Postnatal day 15 wild-type and Alms1Gt/Gt mouse hearts were fixed with methanol, paraffin embedded, sectioned, deparaffinized, rehydrated and subjected to citrate-based heat-mediated antigen retrieval. Slides were incubated with 5 μg ml−1 Alexa Fluor-647-conjugated WGA (Invitrogen) overnight at 4 °C and mounted in Vectashield containing 4′,6-diamidino-2-phenylindole (DAPI) (Vector Labs, CA, USA). Image acquisition was performed on an EVOS epifluorescence microscope (Life Technologies). Cardiomyocyte cross sectional area was measured using an automated algorithm with National Institutes of Health (NIH) Image J 1.47i software analysing 300–600 cells from 3–4 areas per mouse heart.

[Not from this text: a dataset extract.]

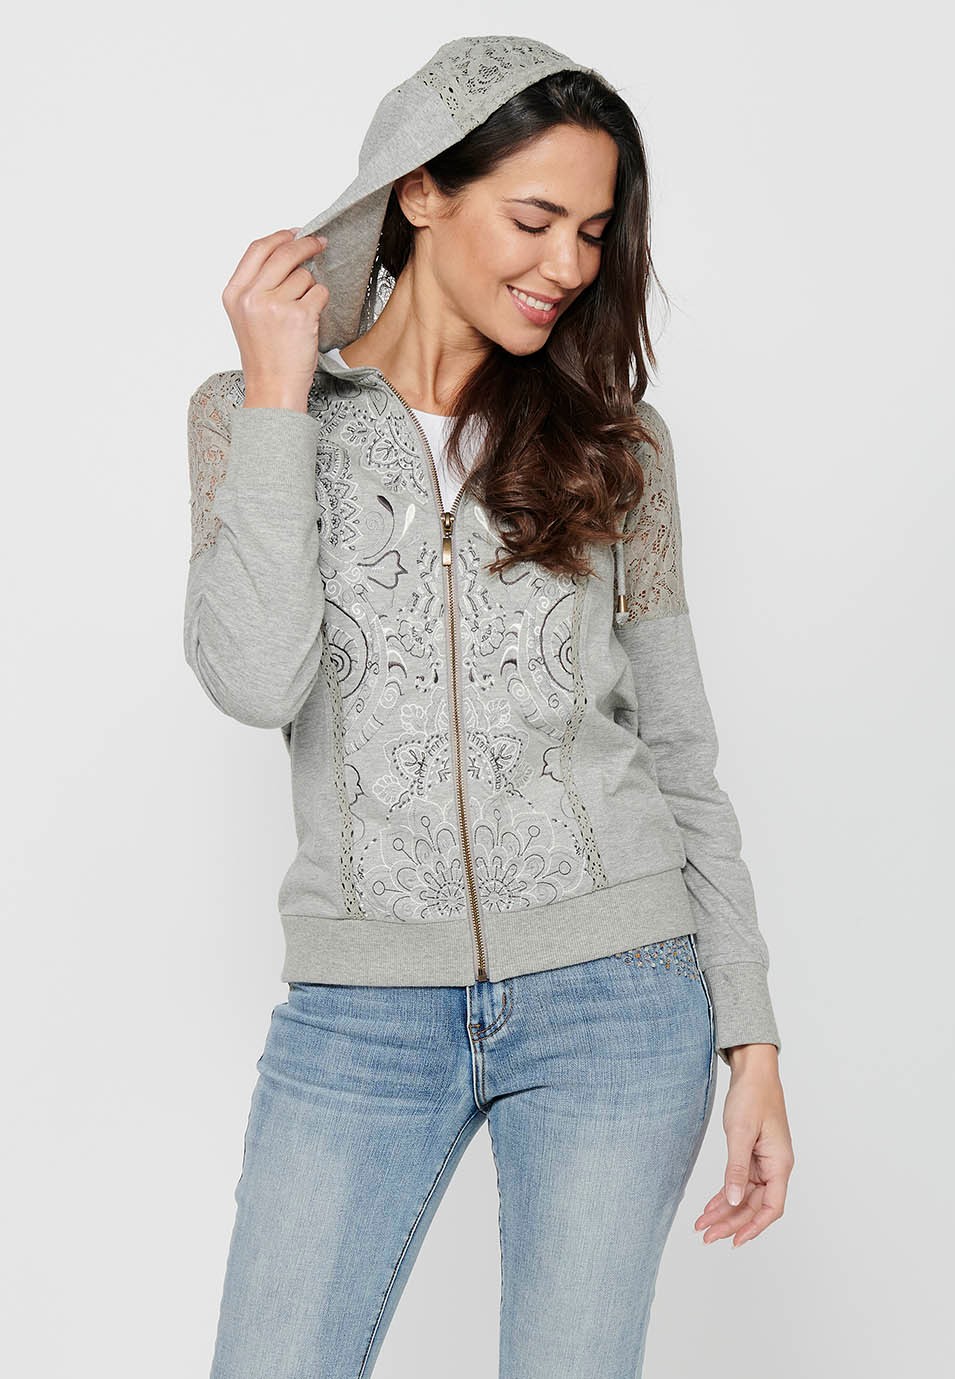 Sweatshirt jacket with zipper front closure and lace details with gray hooded collar for women

Quantitative quantitative reverse transcriptase–PCR

RNA was extracted with TRIzol (Invitrogen). Reverse transcriptase–quantitative PCR was performed using the Superscript III first-strand synthesis system (Invitrogen) followed by use of TaqMan probes on the ABI 7900HT (Applied Biosystems) according to the manufacturer's protocols. Optimized primers from TaqMan Gene Expression Array were used. Expression levels were normalized to Gapdh expression. All samples were run at least in triplicate. Real-time PCR data were normalized and standardized with SDS2.2 software.

Quantitative fluorescence

To measure nuclear DNA content, 20-μm-thick histology sections of the proband’s heart were stained with DAPI. Using a Zeiss LSM 510 Meta confocal microscope and Zen software for image acquisition, the nuclear DNA content of cardiac myocytes was assayed by measuring the total fluorescence from each selected nucleus with Volocity imaging software. Background fluorescence was excluded before image acquisition using Zen software. Nuclei in contact with the edges of the image stack or touching other nuclei were excluded. The total DAPI fluorescence signal associated with diploid status was designated 1 in non-proliferating cells (negative for PH3 staining). The DNA content of proliferating cardiomyocytes (positive for PH3 staining) was compared with non-proliferating cells and displayed as a ratio of the total quantitative fluorescence. A value of 2 would indicate cells that have a full duplication of nuclear DNA before karyokinesis.

Additional information

Accession codes: Whole-exome sequence data for the proband has been deposited in the GenBank dbGaP (database of Genotypes and Phenotypes) database under the accession code phs000711.v1.p1. Sequence data for ALMS1 from additional patients have been deposited in the GenBank nucleotide core database under the accession codes AB905563 to AB905565.

How to cite this article: Shenje, L. T. et al. Mutations in Alström protein impair terminal differentiation of cardiomyocytes. Nat. Commun. 5:3416 doi: 10.1038/ncomms4416 (2014).